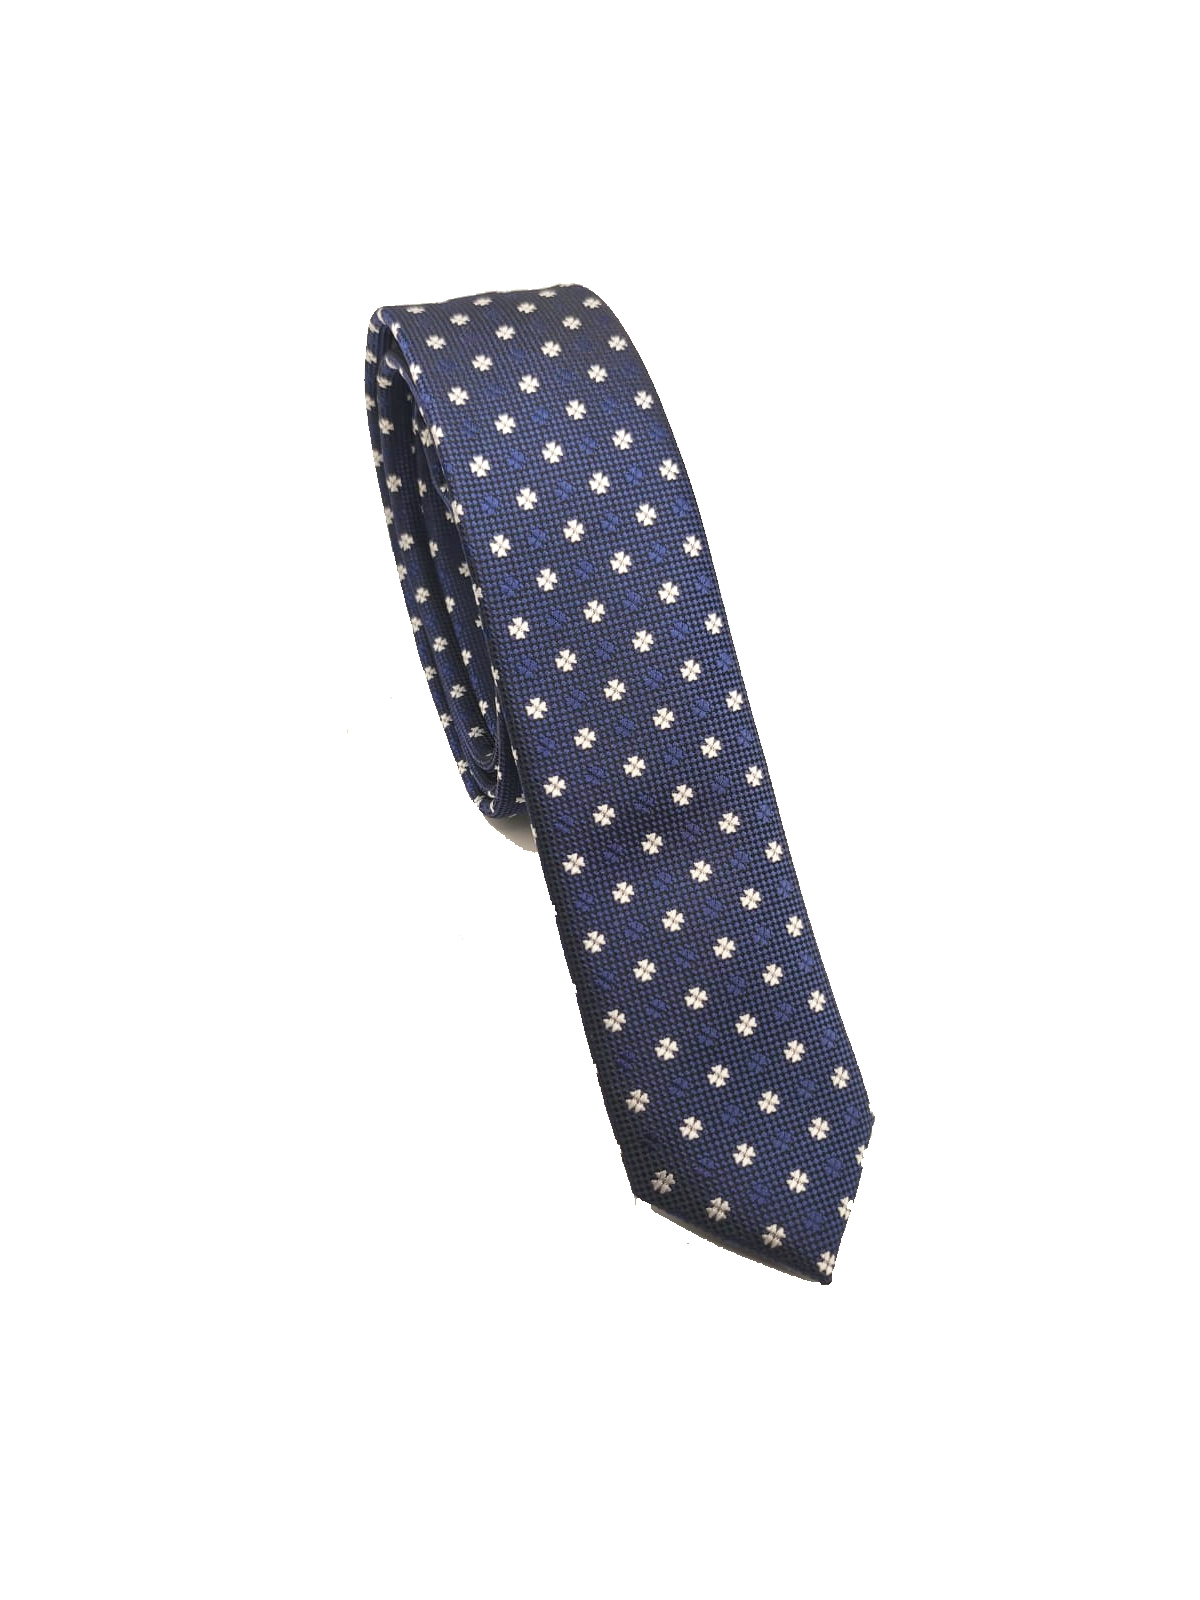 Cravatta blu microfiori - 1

────────

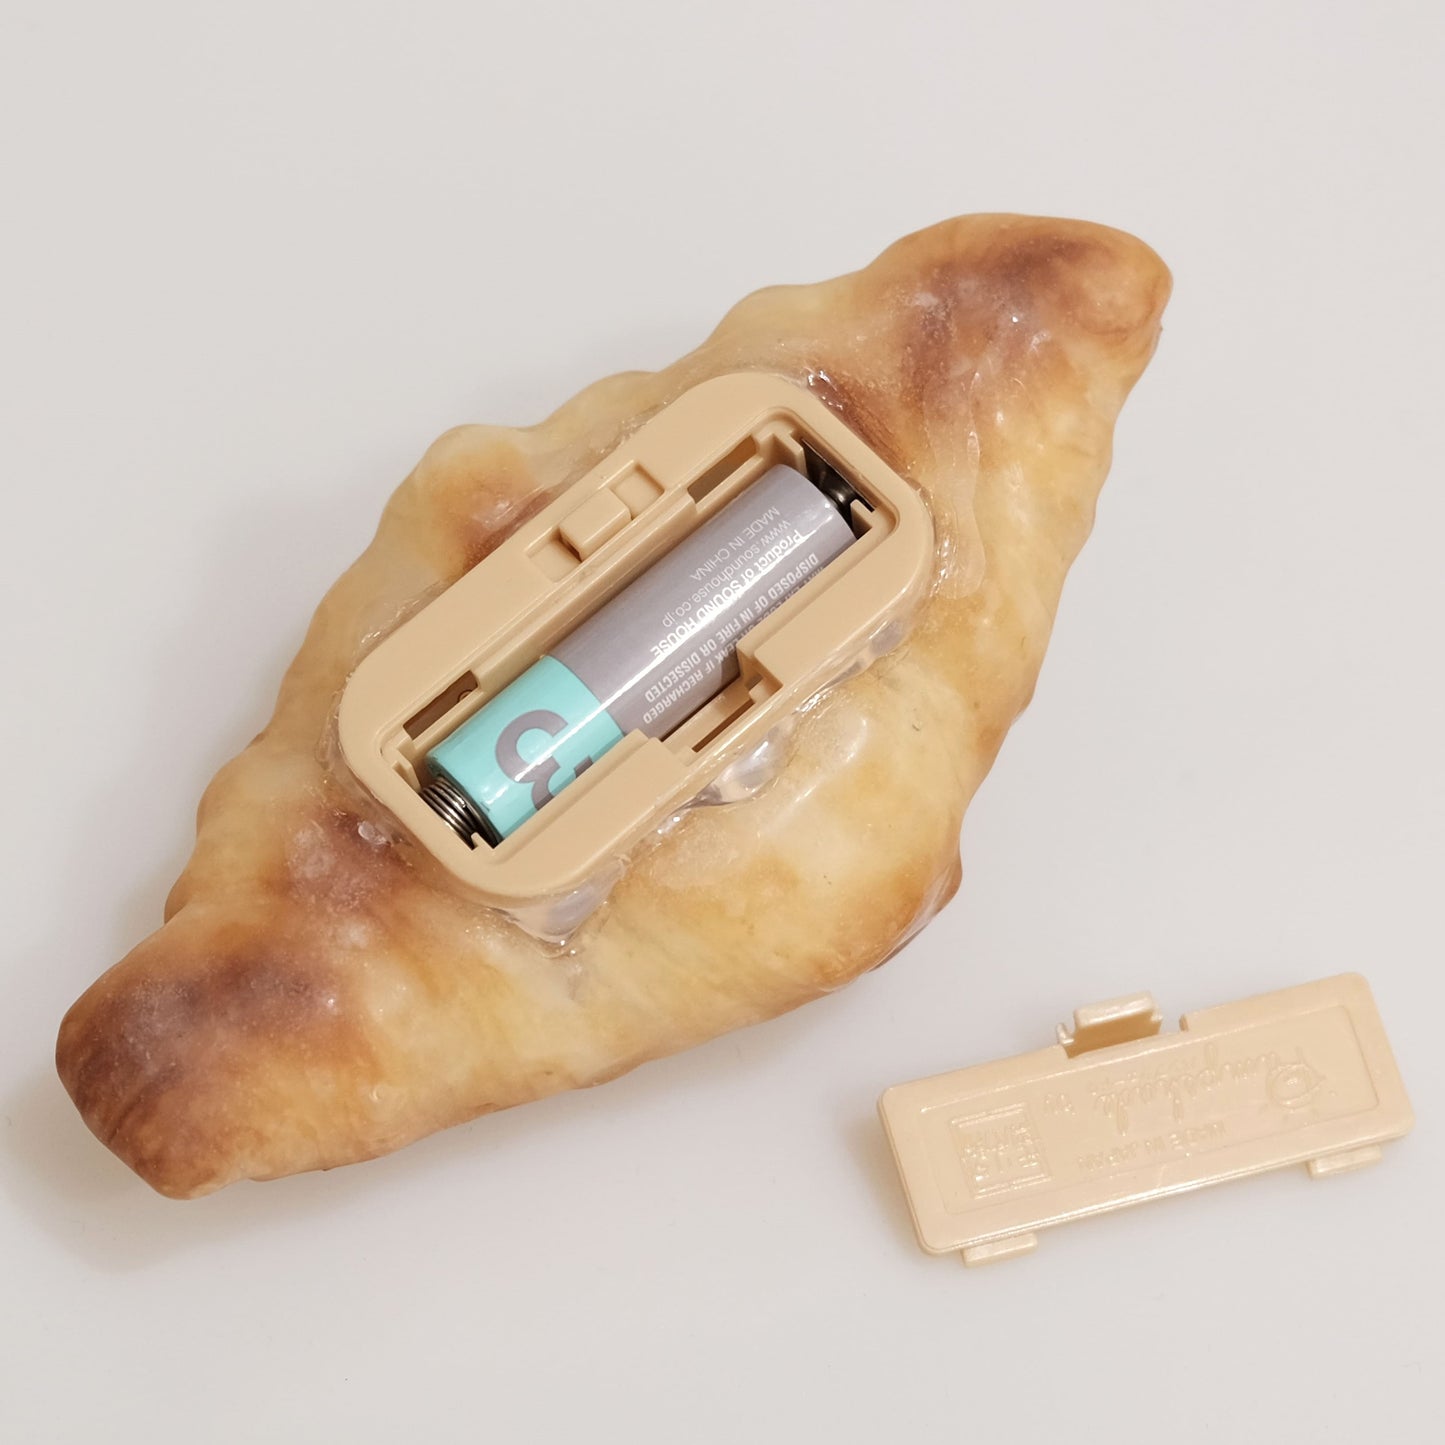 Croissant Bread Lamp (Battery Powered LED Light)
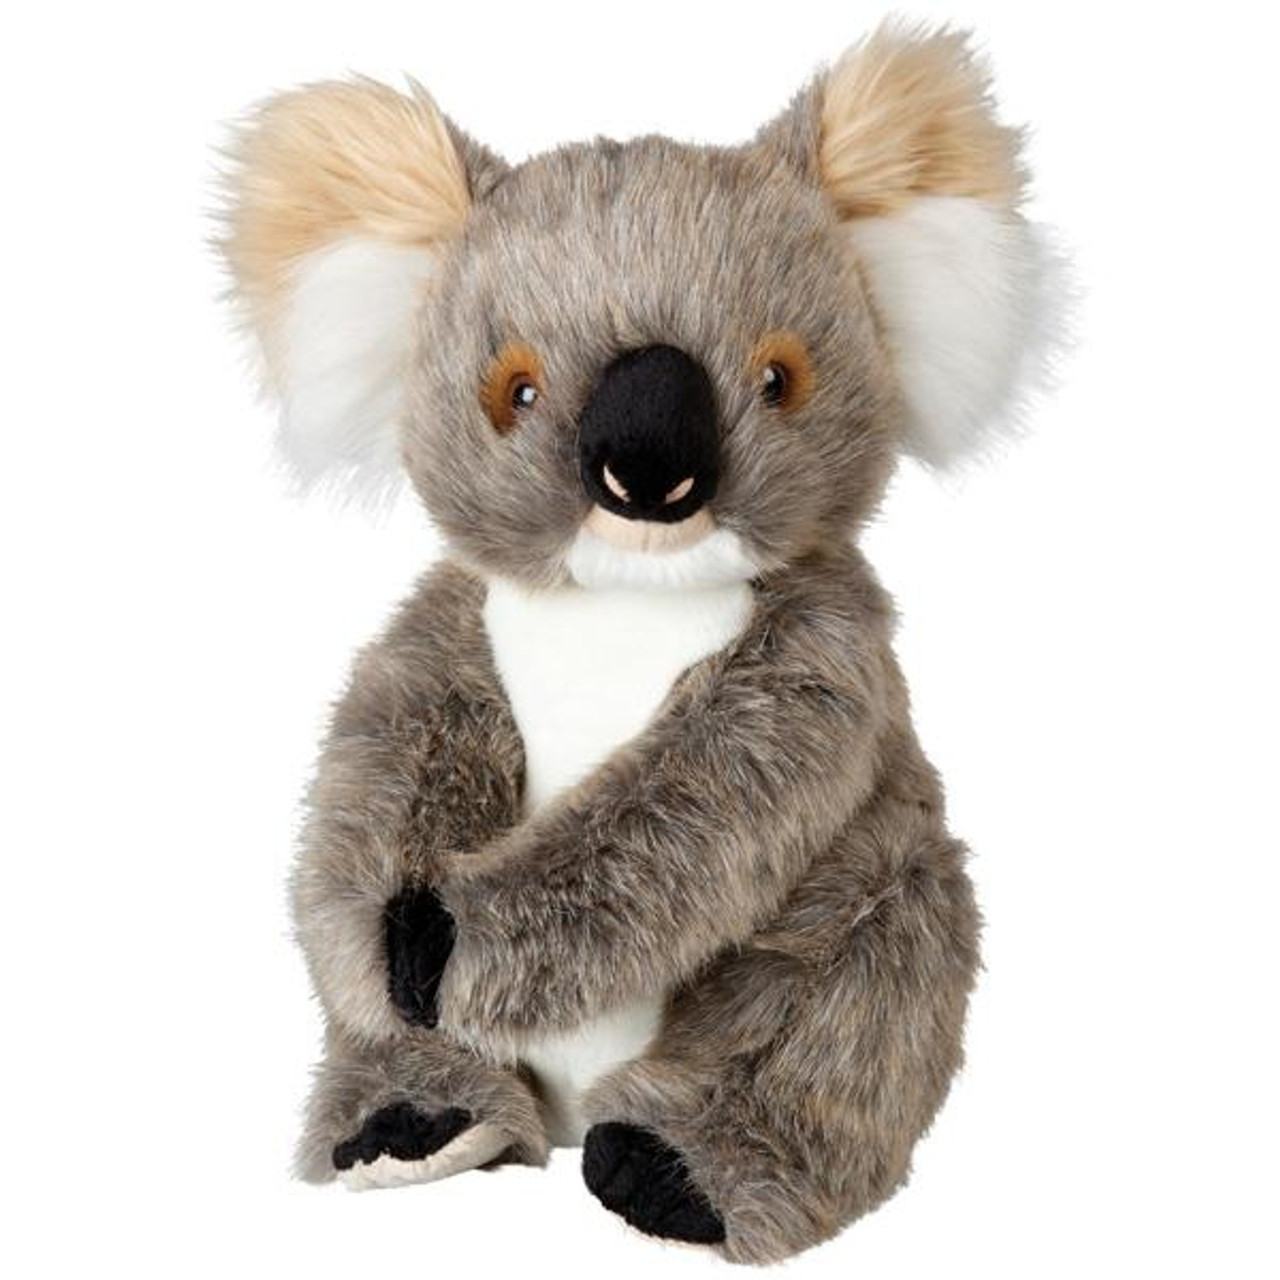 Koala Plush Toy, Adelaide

────────

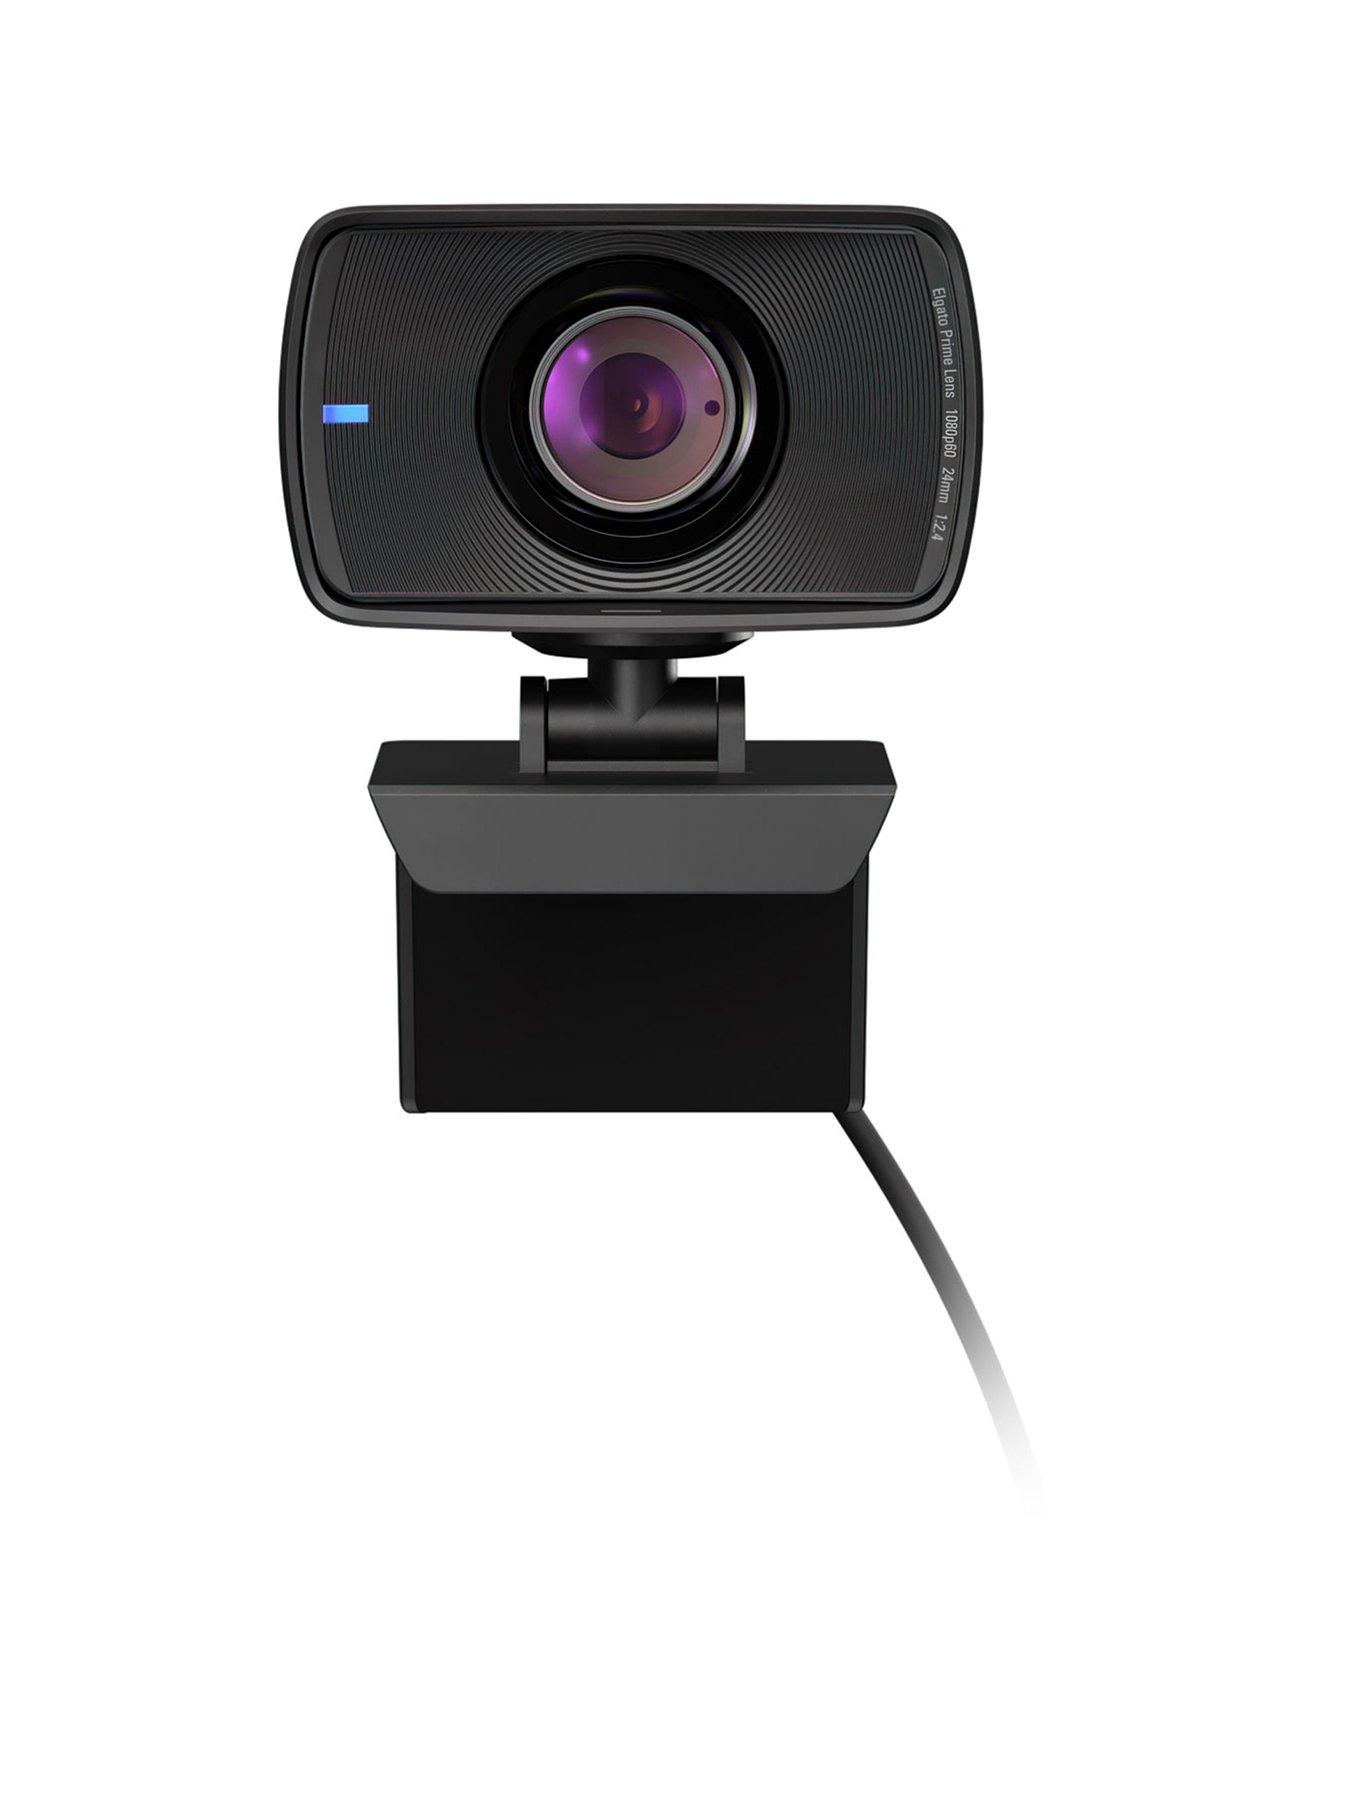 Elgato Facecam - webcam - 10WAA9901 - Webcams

────────

**PROBLEM REQUIREMENTS:** From the records above, copy only the lines running from the line holding "Croissant Bread Lamp" through the line holding "Koala Plush Toy, Adelaide", with no pictures.

**SOLUTION FOR THIS PROBLEM:**
 Croissant Bread Lamp (Battery Powered LED Light)
 Koala Plush Toy, Adelaide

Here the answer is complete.